2000-08-24 Thread Tom Christiansen

Case ignoring eq and cmp operators

=head2 Problems with current ways to do it

Perl currently knows basically two methods for checking of equality of
strings case-insensitively:

 uc($a) eq uc($b)
 $a =~ /^$b$/i

and for comparing them one:

 uc($a) cmp uc($b)

The probably worst about these statements is that they look ugly. 

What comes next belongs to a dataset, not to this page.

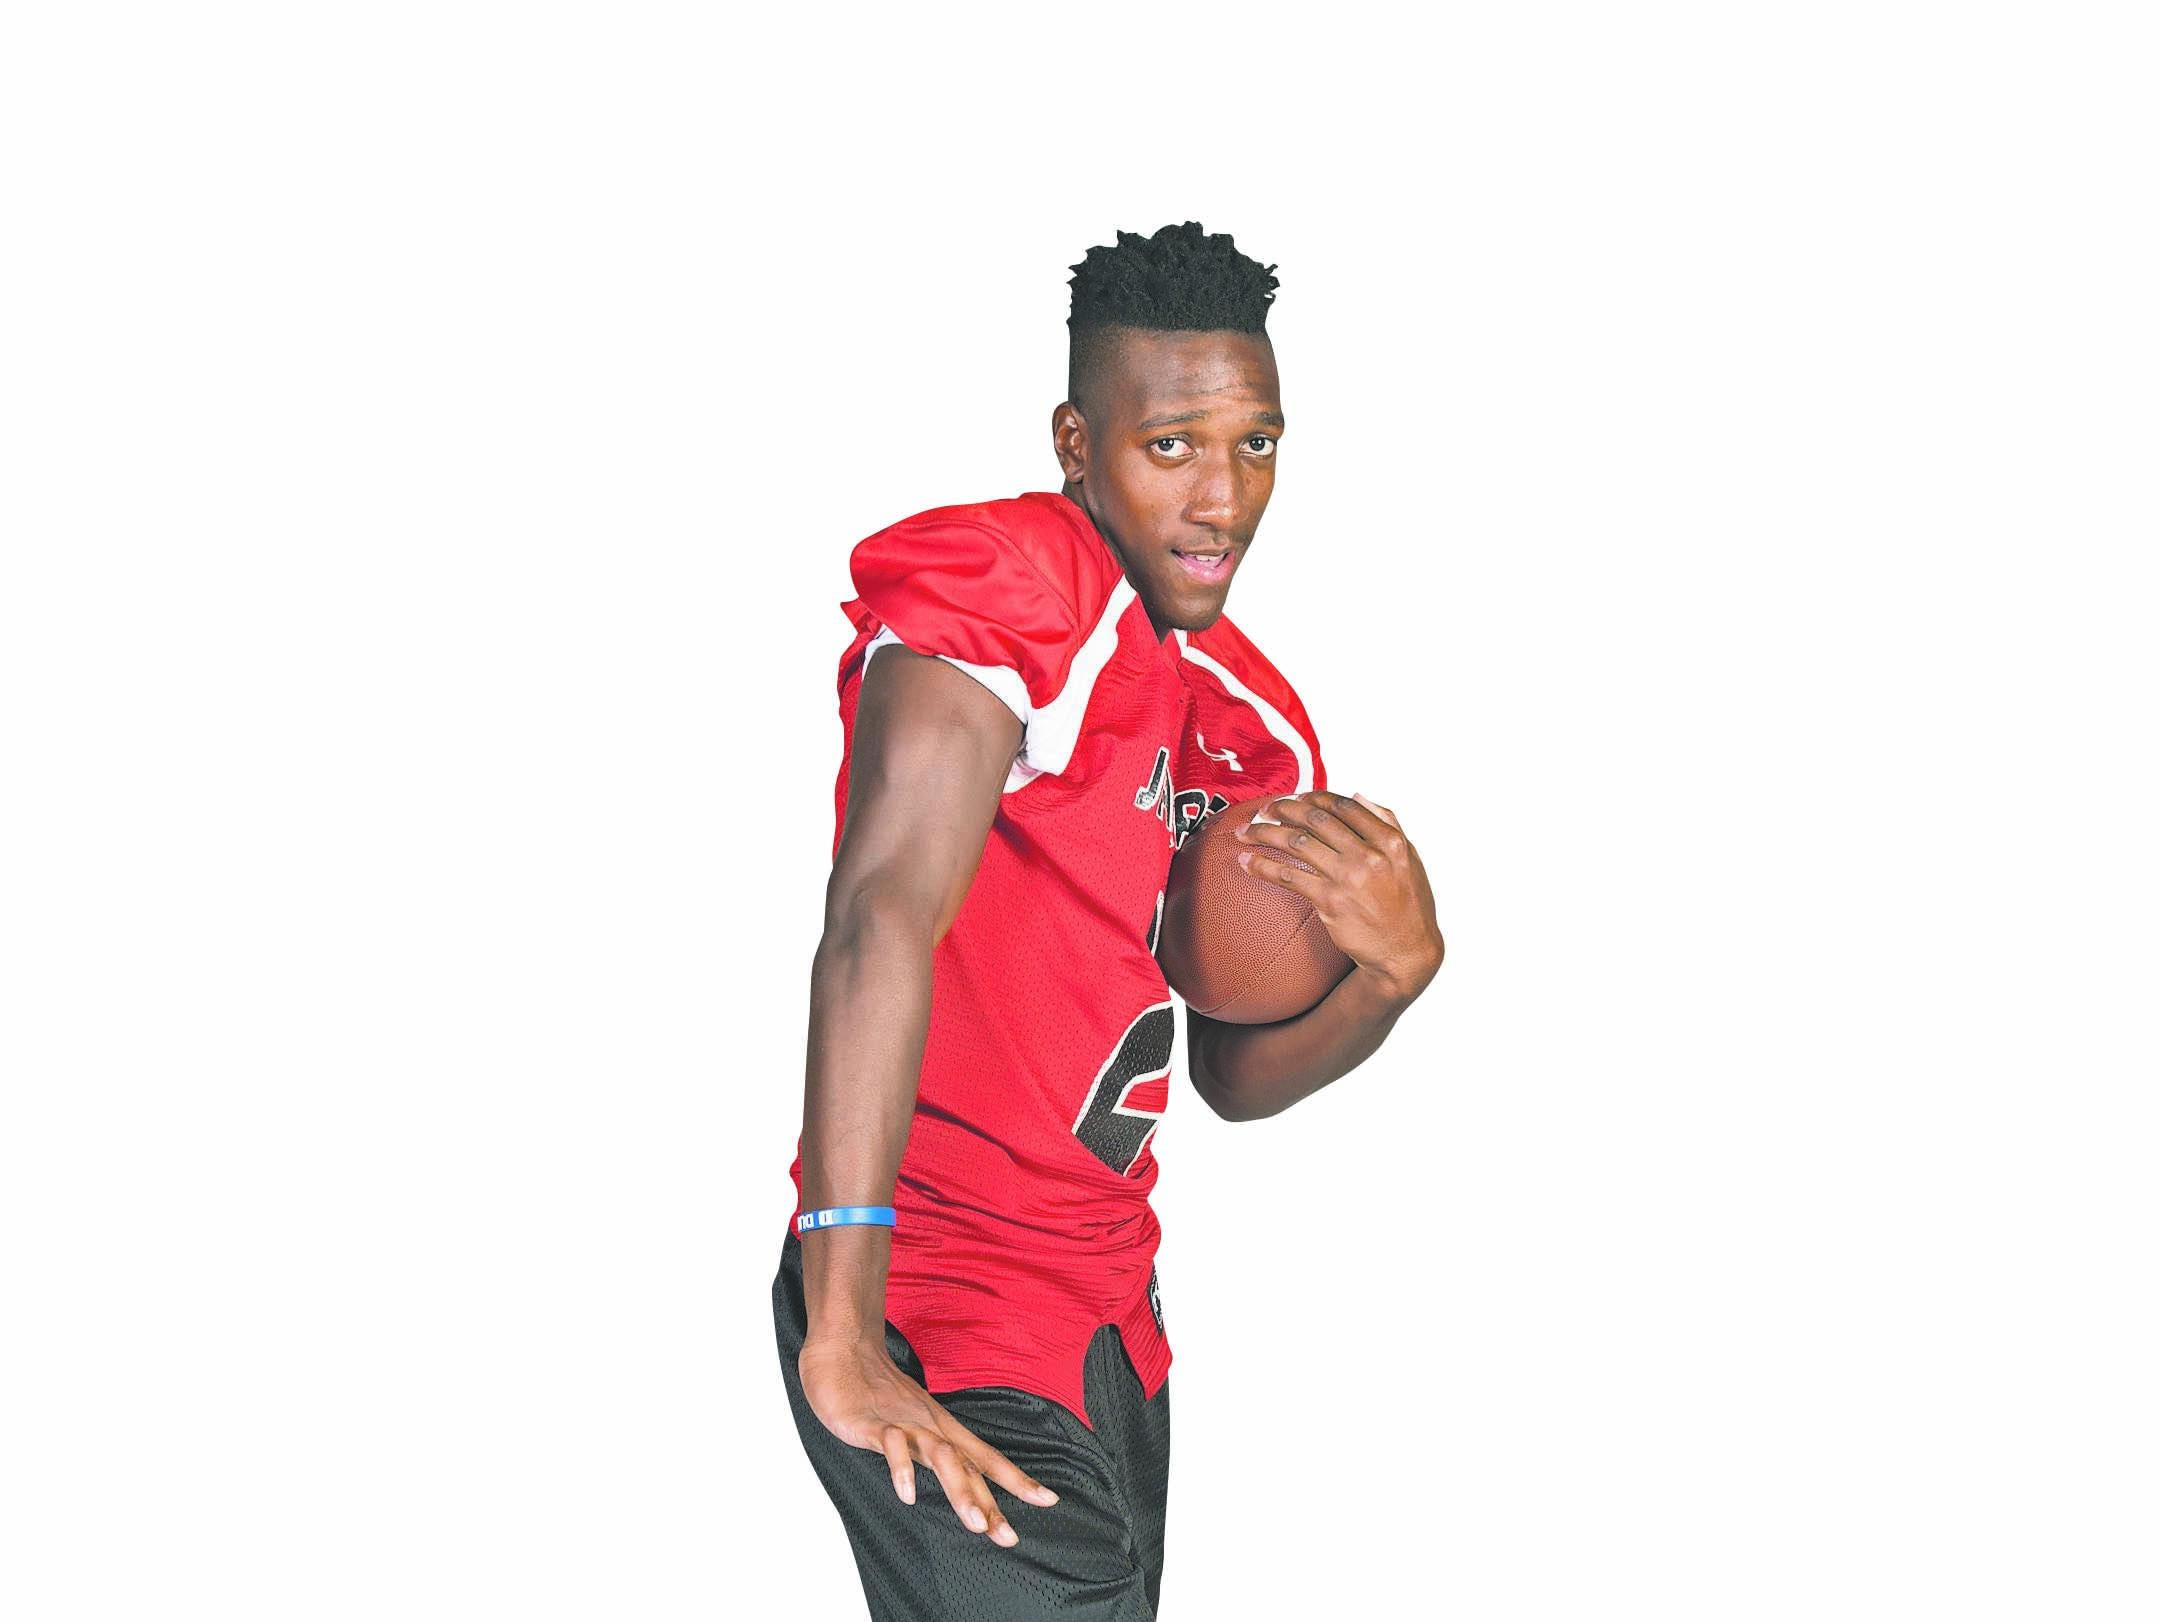 West Florida wide receiver Damond Johnson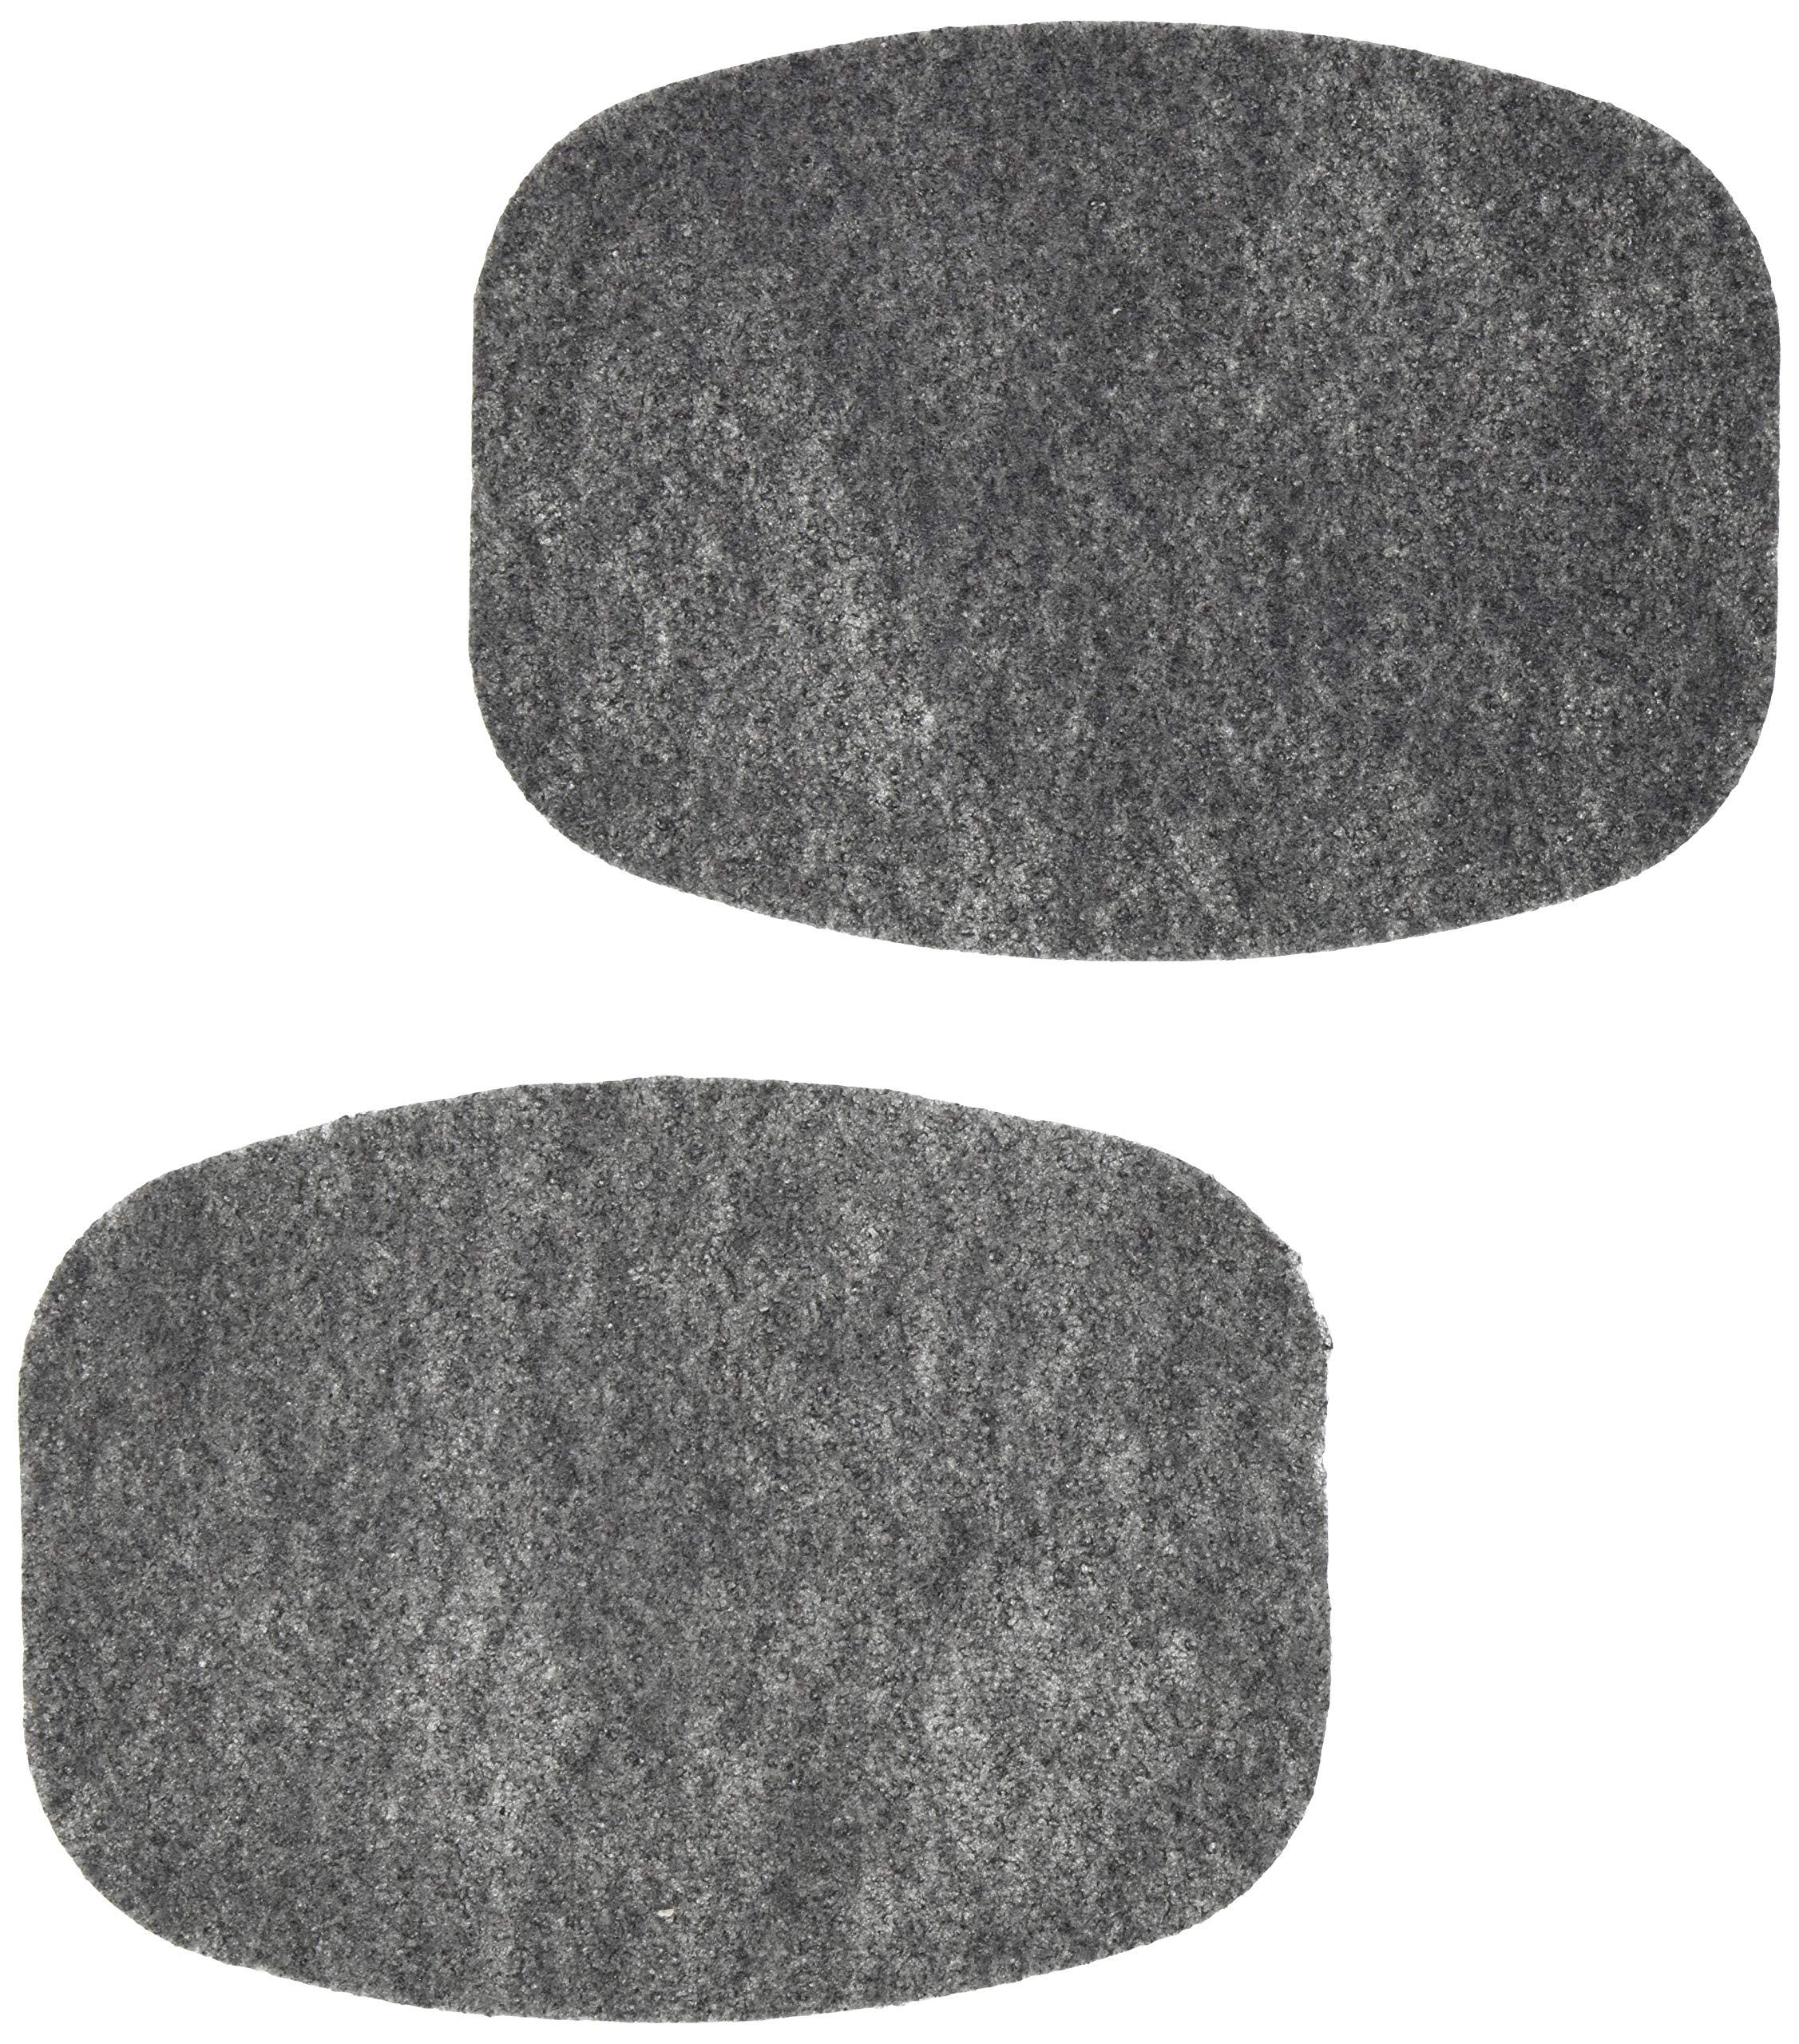 Nilfisk 27-NL-01 - Filtro para aspiradoras: Amazon.es: Hogar

To the contrary: in the case (ahem) of the application of lc() on
the comparison's operand, they look especially beautiful.

Also,
they further complicate statements and they are counter-intuitive for
beginners - why should I change the case of variables if I only want
to compare them?

Again, I reach the contrary conclusion: they say exactly what they
are doing, rendering them clear and obvious to all involved.  By 
your argument, one should not have to say

abs($a) == abs($b)

either, but should invent a sign-insensitive equality comparison
instead of knowing how to use the extant == operator and abs function.
That makes little sense, as I'm sure you'll agree.  Similarly, so
too does the desire to have a new eq operator seem exceedingly
misplaced.

Power derives not from uncountably many special-purpose functions
and syntax, but rather from the ability to combine primitive features
*algorithmically* to arrive at the desired functionality.  The 
factorial powers of combinatorics put to shame a merely linear increase
in the number of available functions.  

Of lesser but not inconsequential importance is that it is easier
on everyone if they don't have more distinct functions and syntax
to remember.  Would it really be better to have a -==- operator
than for people to remember to use == with abs?  Of course not.
A programmer learns to use the tools in hand to create new things.

  $a eq/i $b
  $a cmp/i $b

You want ugly, I'll give you ugly.  That's ***UGLY***.  It's a
syntactic anomaly that does not fall out of anything else in the
language.  The analogy to m//i or s///g is a false one, as those
are not functions, and do not syntactically take argument in the
same way.  Nothing else in Perl looks this way.